Début août, la Banque populaire de Chine (PBC) a relevé la le fixing USD/CNY autour duquel le CNY peut fluctuer pendant la journée (dans une fourchette de +/-2%). Cette décision a pris les marchés de court, le changement des règles de calcul entraînant une forte baisse du cours CNY/USD, la plus importante enregistrée sur une journée depuis 1994. L’ajustement a été d’environ 1,9 % le mardi, 1,6 % le mercredi et 1,1% le jeudi.

 

Exposition accrue à la dette périphérique de l’UEM après le répit grec

Les marchés souverains se sont bien comportés en juillet, avec une surperformance des courbes souveraines des pays non centraux. Après un sommet européen long et intense, un accord a finalement été trouvé sur les grandes lignes d’un important programme de réformes devant permettre le maintien de la Grèce au sein de l’euro. Les différents obstacles législatifs à l’obtention d’un financement provisoire et au début des négociations sur un troisième programme ont également été surmontés. Le plan d’aide devrait atteindre près de 85 milliards d’euros et servira en partie à recapitaliser le secteur bancaire. Mais les risques politiques et d’exécution du programme subsistent pour l’avenir, le problème de la viabilité de la dette grecque n’étant toujours pas résolu.

La BCE a relevé le plafond ELA des banques grecques, ce qui leur a permis de rouvrir. Le rythme de ses rachats dans le cadre du PSPP s’est ralenti en juillet pour atteindre un total de 61,5 milliards d’euros (ABS et obligations couvertes comprises).

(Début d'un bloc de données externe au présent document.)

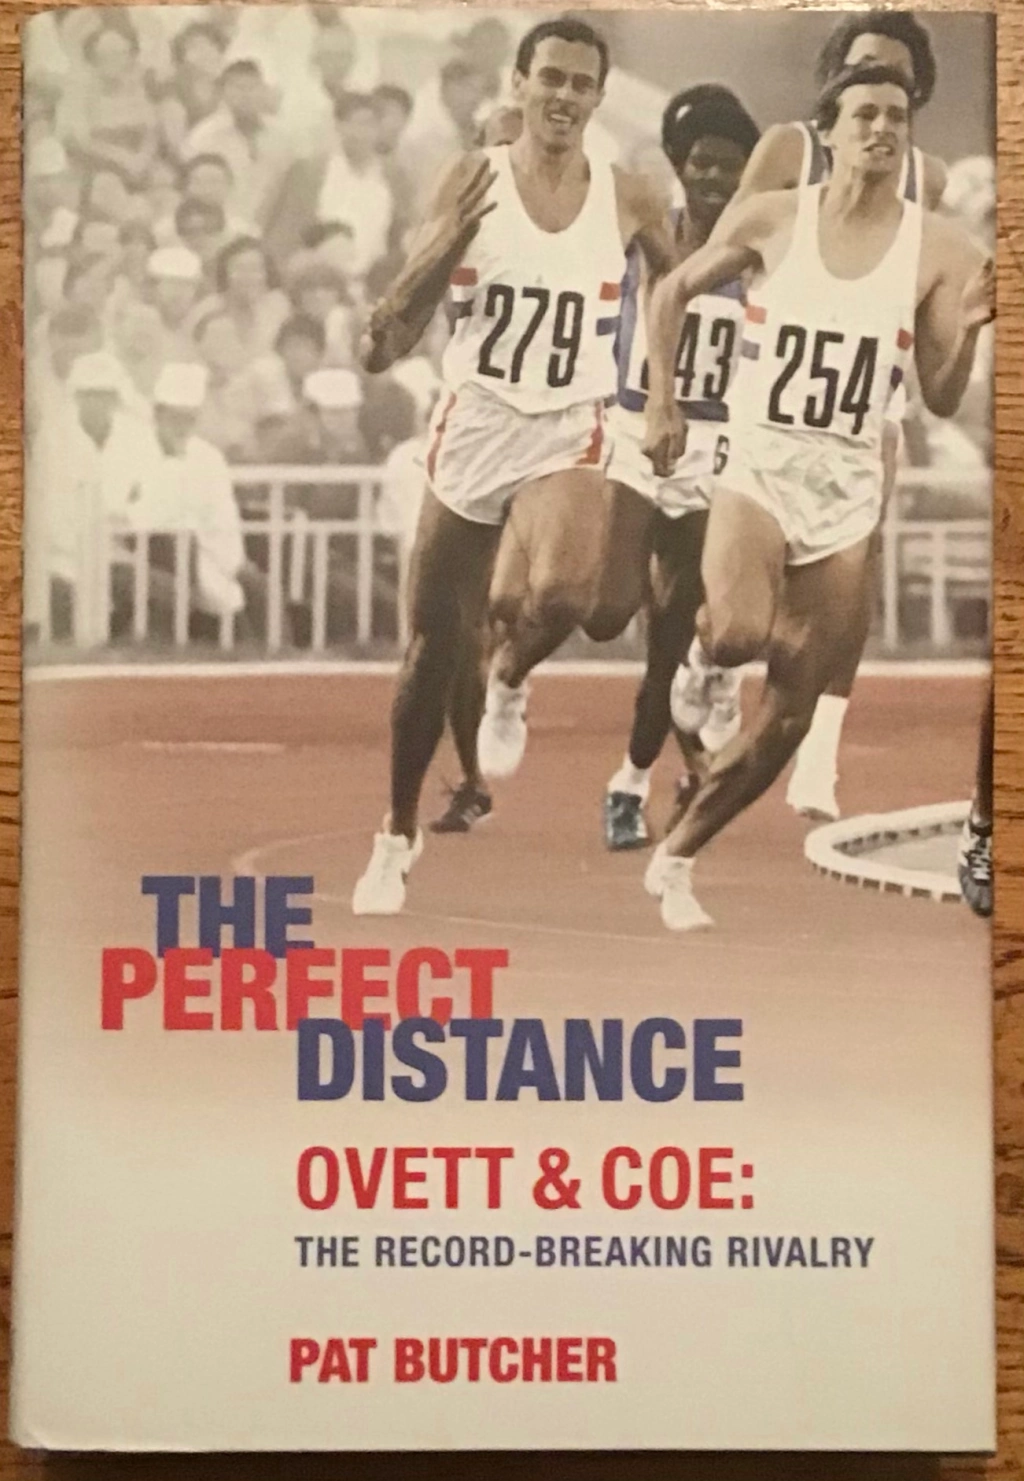 Running and Cheating: regarding Coe, Ovett and Savile

En ce qui concerne l’inflation, les chiffres devraient s’améliorer, mais la récente baisse du pétrole et le ralentissement de la Chine et des marchés émergents tempéreront certainement les pressions inflationnistes au plan mondial. que les taux des pays périphériques surperformaient, les taux espagnols, italiens et portugais à 10 ans atteignant respectivement 1,84 %, 1,77 % et 2,39 %. Nous avons accru notre exposition via l’Espagne, l’Italie et le Portugal et repris une exposition à la Lituanie qui était restée à la traîne en termes de performance. Nous préférons rester à l’écart des titres indexés dans l’attente de meilleures opportunités d’investissement, car le carry, le pétrole, la liquidité et la dynamique inflationniste à l’échelon mondial ne sont pas favorables. Directionnellement, nous avons pris une position légèrement négative sur les taux allemands à 10 ans sur la base de signaux de valorisation élevée. Le positionnement très long des investisseurs est également un facteur plaidant pour une augmentation future des taux.

 

Aplatissement de la courbe des taux américains

Le cycle économique américain reste solide. Mais avec le ralentissement chinois, de nombreux investisseurs ne s’attendent pas à une hausse des taux de la Fed lors de la réunion de septembre. Nous continuons de parier sur un aplatissement de la courbe des taux américains, avec une position vendeuse sur le segment à 5 ans de la courbe et une position acheteuse sur le segment à 30 ans. Par rapport au passé, le segment 5/30 ans nous semble très pentu à l’approche d’une hausse des taux (figure 2 : SPREAD DES BONS DU TRÉSOR AMÉRICAIN À 5 ANS/30 ANS (EN PB)).